My garden is flourishing. Like all gardens, this takes hard and constant work. This week I’m growing roses.
Resilience and determination combined with creativity – perfect for gardens and life. What’s next for you in the world of writing?
Three things. I always have a novel happening, and I’ll talk about that in a moment (my summer novel).
The real writing world contains problems for writers like me: I’m a niche writer (many readers love my work, but have trouble finding it, because big publishers do not often take on voices like mine) and I am physically not capable of pushing my barrow much in public (disability sucks, and living in Australia also has its limitations).
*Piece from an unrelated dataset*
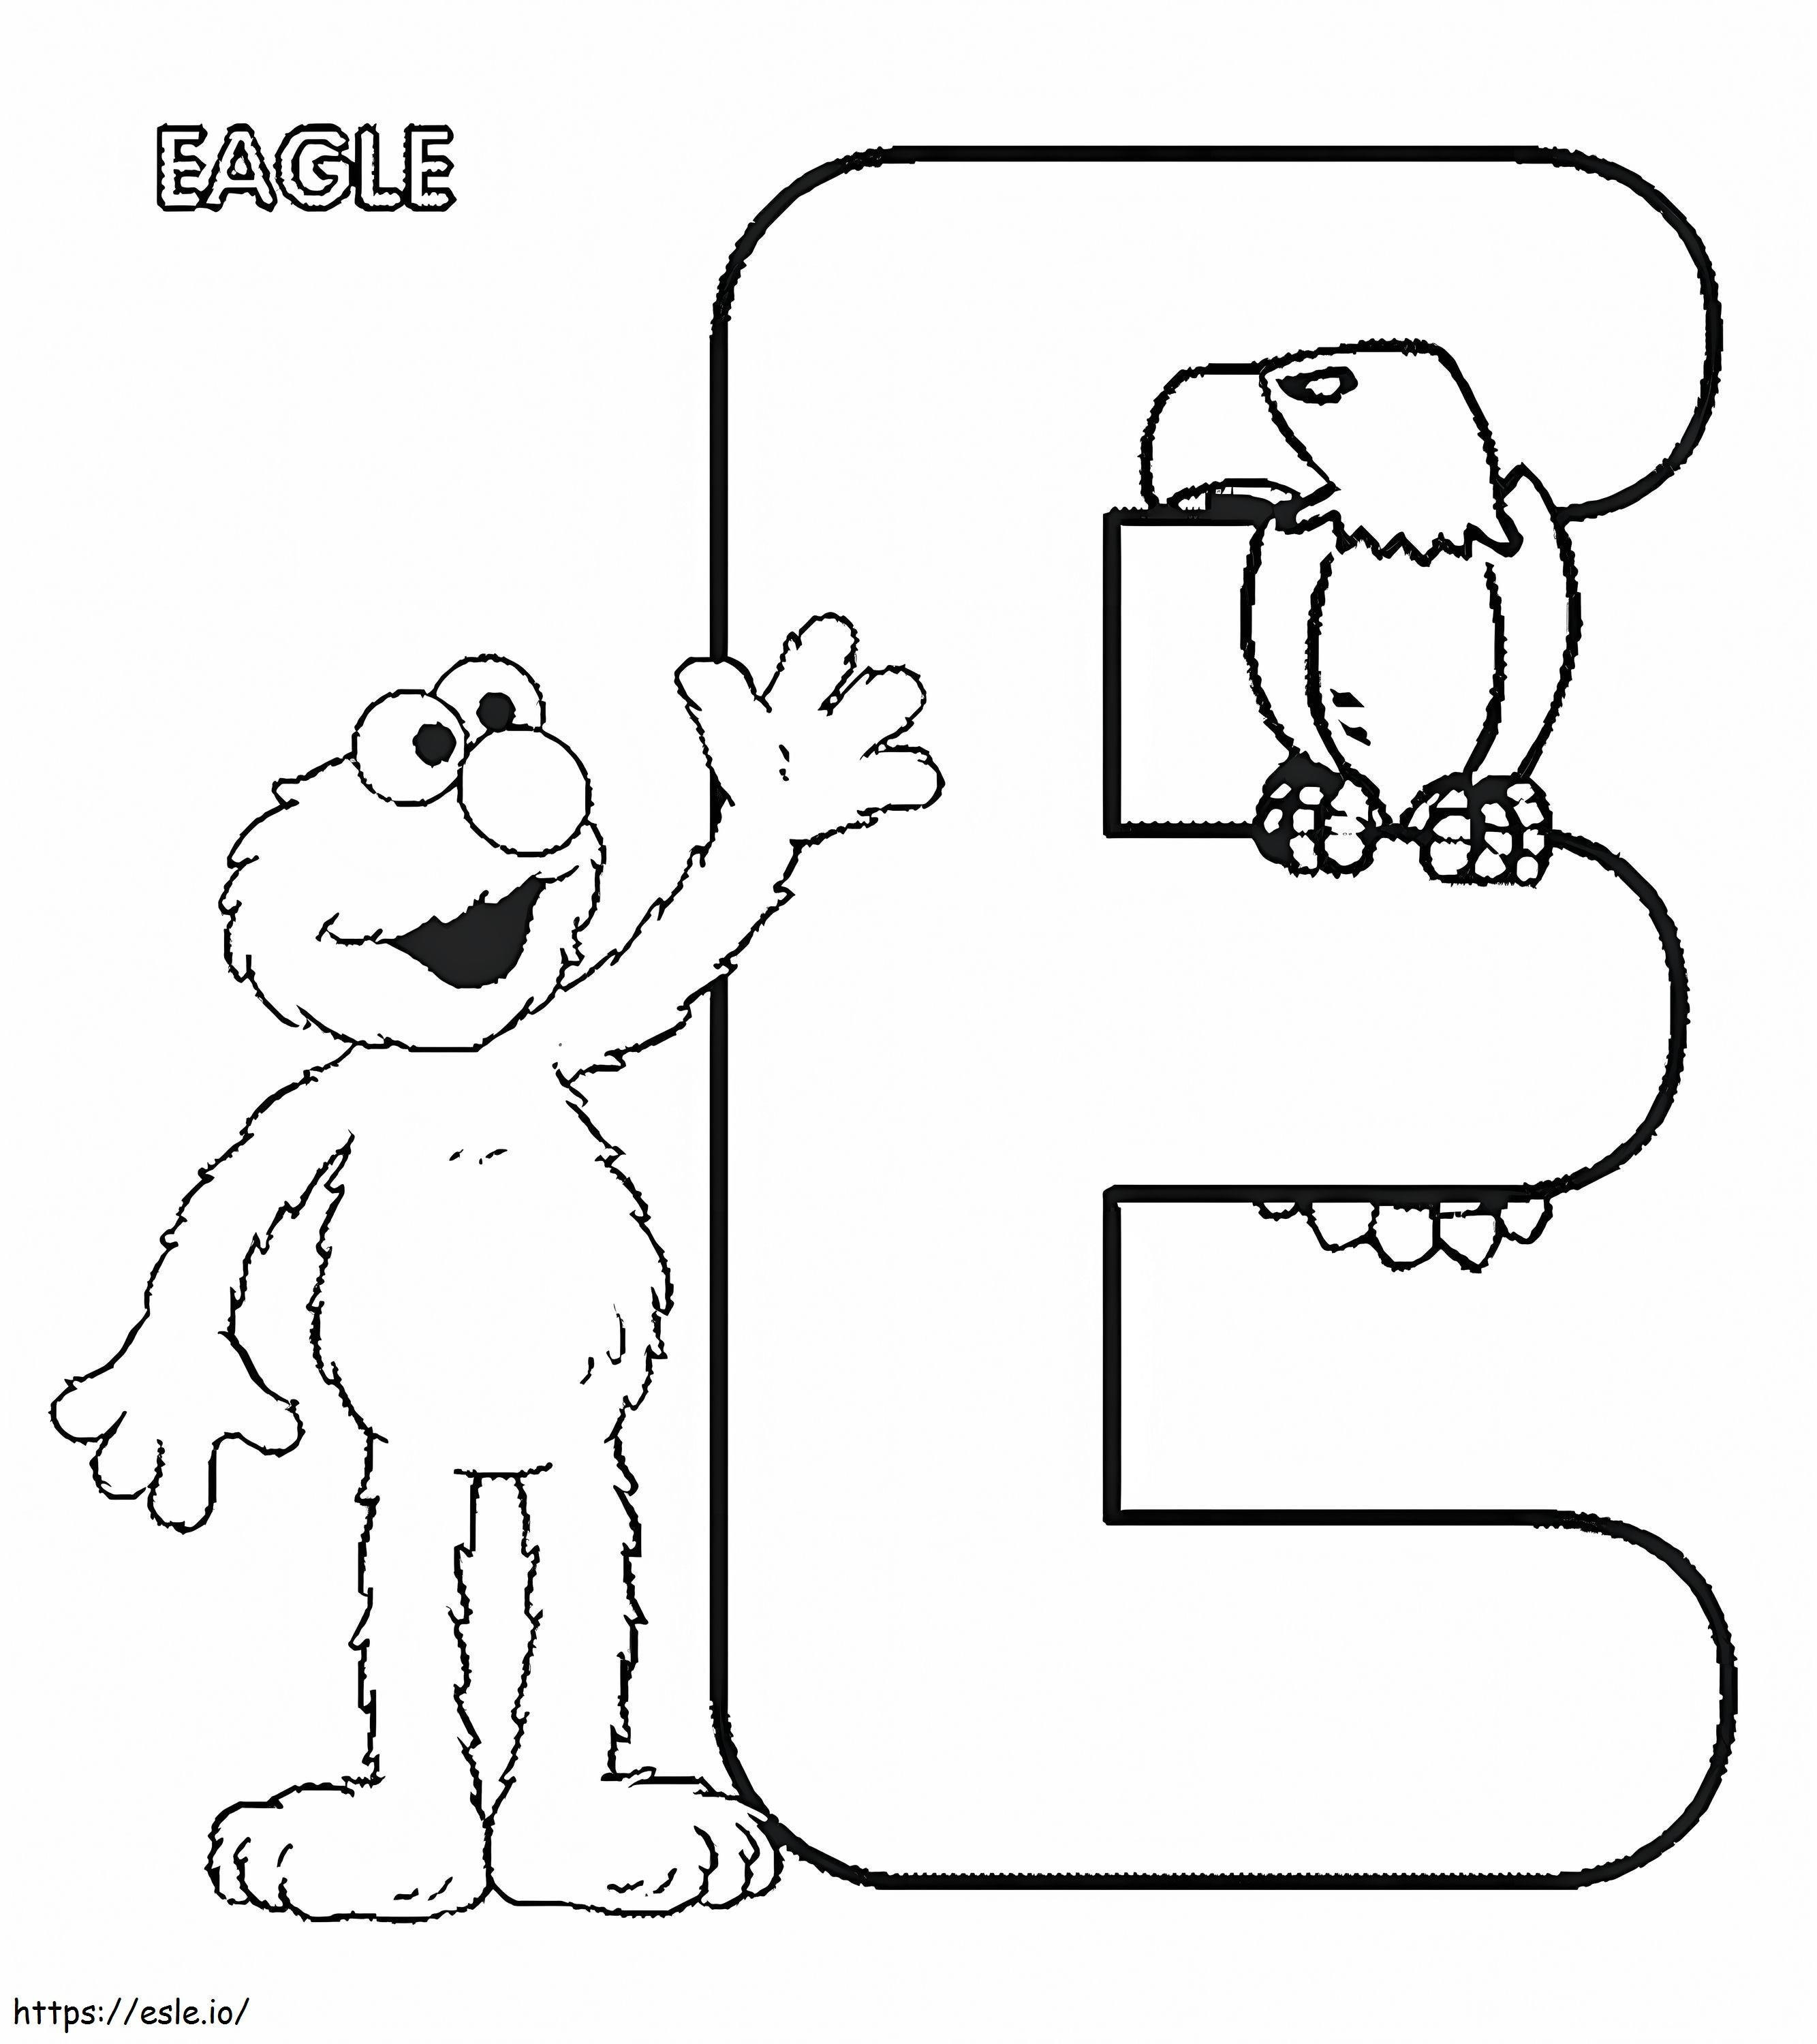 E Für Elmo und Eagle ausmalbilder

Next for me, therefore, is trying to find ways of getting my books to the people who want them. I want people to enjoy my books and that means being visible. That’s the hard work bit of what comes next for me. Trying to be visible. Several publishers are helping me with this and I have novels coming out in at least two countries.
The novel I’ll be working on this summer is not going to be angry. It’s going to give some of my characters some happiness. Also, I’m going to try to not kill anyone off.
How am I going to achieve these things? I’ve noticed a lovely theme that goes through some types of teen fiction and through some Korean drama, where people find happiness with each other, as a group. I would like to give this happiness to adults who travel, each of them alone, to another world. I want them to come back changed, but with each other.
This is quite different from my third activity for the next little while. Poison and Light will be released very soon, and I need to help it on its way. It’s about the last artist from Lost Earth, it’s about the way we hide in the past when we can’t face the present, and it’s about life on a distant planet. Life with highwaymen and swordfights and amazing publishers. My favourite part of it right now is the cover art: Lewis Morley didn’t just design a street scene: he built it and photographed it. My world lives.
That sounds awesome, Gillian. Finally: Who would you be if you were a fictional character – one of yours, or someone else’s?
I would be someone else’s fictional character. I don’t know whose, but I know precisely what. I’d have all the things I’ve missed out in this life: beauty, health, perfect eyesight, fabulous romance, awesome clothes and strange magic that changes the world. I suspect I’d be the somewhat sarcastic heroine of a steampunk Regency novel.
I can see it! And I want to read it! Thank you so much for sharing with me today, Gillian, and more power to you.